- Theatrical release poster
- Directed by: Max Varnel
- Written by: H.E. Burden
- Based on: a story by John Haggarty
- Produced by: Bill Luckwell; Jock MacGregor;
- Starring: Ray McAnally; Catherine Feller; Yvonne Buckingham;
- Cinematography: Walter J. Harvey
- Edited by: Robert Jordan Hill (as Robert Hill)
- Music by: Wilfred Burns
- Production companies: Bill and Michael Luckwell Ltd.
- Distributed by: J. Arthur Rank Film Distributors (UK)
- Release date: 15 June 1961;
- Running time: 63 minutes
- Country: United Kingdom
- Language: English

= Murder in Eden (film) =

1961 British film by Max Varnel

Murder in Eden is a 1961 British mystery film directed by Max Varnel and starring Ray McAnally, Catherine Feller and Yvonne Buckingham. It was written by H. E. Burden based on a story by John Haggarty.

An art critic is murdered and a reporter helps Scotland Yard hunt for the killer.

==Plot==
The Woolf Art Gallery is promoting an exhibition of paintings under the title "The Garden of Eden". A man stares intently at a picture of Eve forming one of a pair representing Adam and Eve by a Dutch artist Van Meerwick.

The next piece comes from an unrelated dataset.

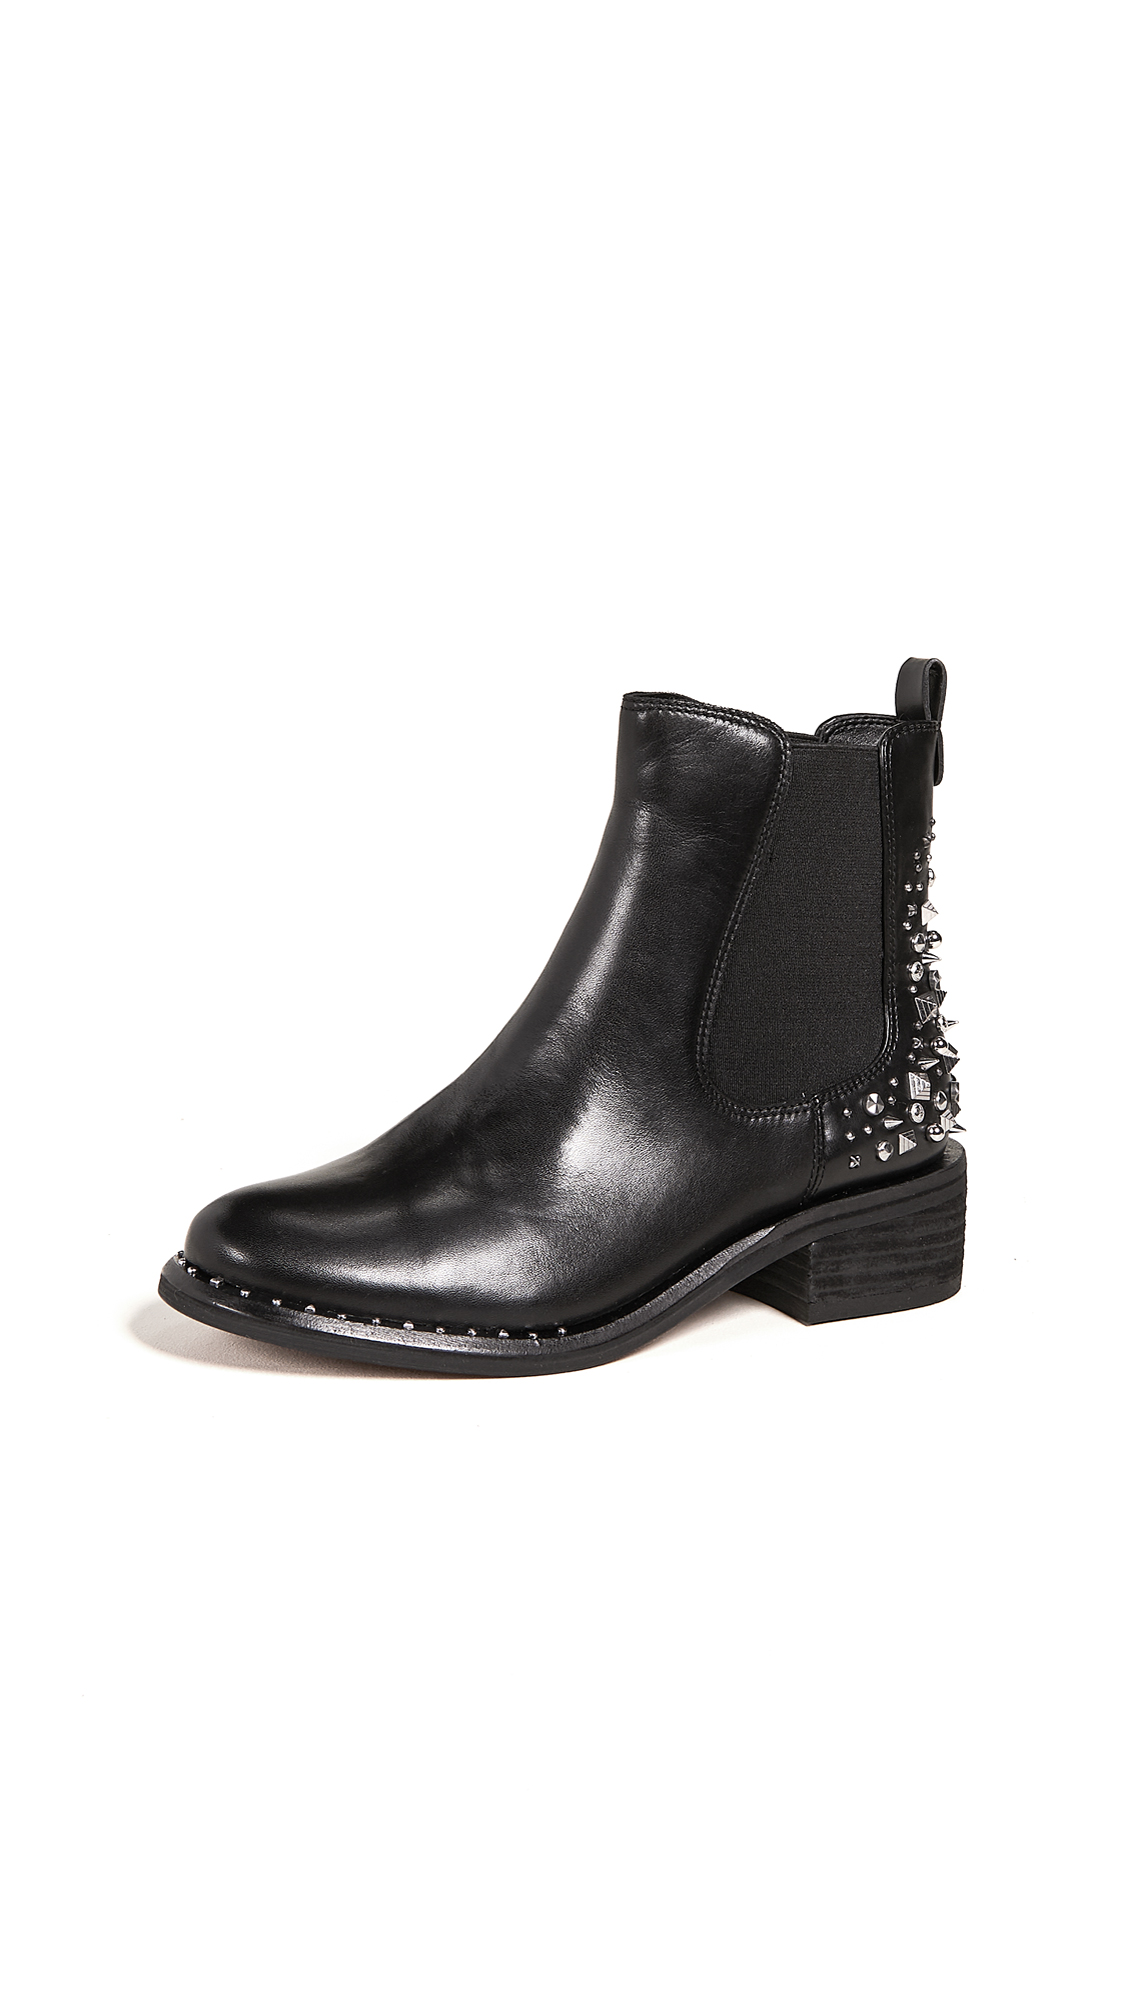 Sam Edelman Dover Chelsea Boots - Black

After he discovers a famous painting is fake, a noted art critic is killed by a hit-and-run driver. Inspector Peter Sharkey of Scotland Yard joins forces with French magazine reporter Geneviève Beaujean to investigate.

Geneviève spends a lot of time at the gallery. It is revealed she is not a real reporter. The police find a portfolio belonging to the dead man. It states the best forger is Michael Lucas but his work is revealed by the use of zinc white.

Michael Lucas has the real Eve hidden in a secret room in his seaside villa. He has promised to sell it to Bill Robson and shows him the secret room. Unknown to them, Geneviève listens to them chat from the secret room. She has a gun. The police arrive and hear her crying.

==Cast==
- Ray McAnally as Inspector Peter Sharkey
- Catherine Feller as Geneviève Beaujean
- Yvonne Buckingham as Vicky Woolf
- Mark Singleton as Arnold Woolf
- Norman Rodway as Michael Lucas
- Jack Aranson as Bill Robson
- Robert Lepler as Max Aaronson
- Angela Douglas as beatnik
- Francis O'Keefe as Sergeant Johnson
- Noel Sheridan as Frenchman Jack
- Ronald Walsh as bodyguard
- John Sterling as art expert
- Frank O'Donovan as manservant
- Eithne Lydon as receptionist

== Critical reception ==
The Monthly Film Bulletin wrote: "What with unapt dialogue, tangled construction, melodramatic playing and unconvincing art work, direction as clumsy as is Max Varnel's here could scarcely make matters worse. The thinly disguised Irish accents of many of the cast and the wholesale use of Georgian Dublin exteriors for a thriller ostensibly set in London add an extra layer of unreality to the bogus art world portrayed."

Kine Weekly wrote: "The picture puts a routine crime tale in a new frame, or rather environment, and the fresh perspective gives a pristine kick to time-honoured romance and rough stuff. Catherine Feller is a pert and disarming Genevieve, Ray McAnally makes a doughty Sharkey, and Norman Rodway has his moments as Lucas. The supporting players also convince. Its backgrounds are elegant, the dialogue is apt, and it has a catchy musical score."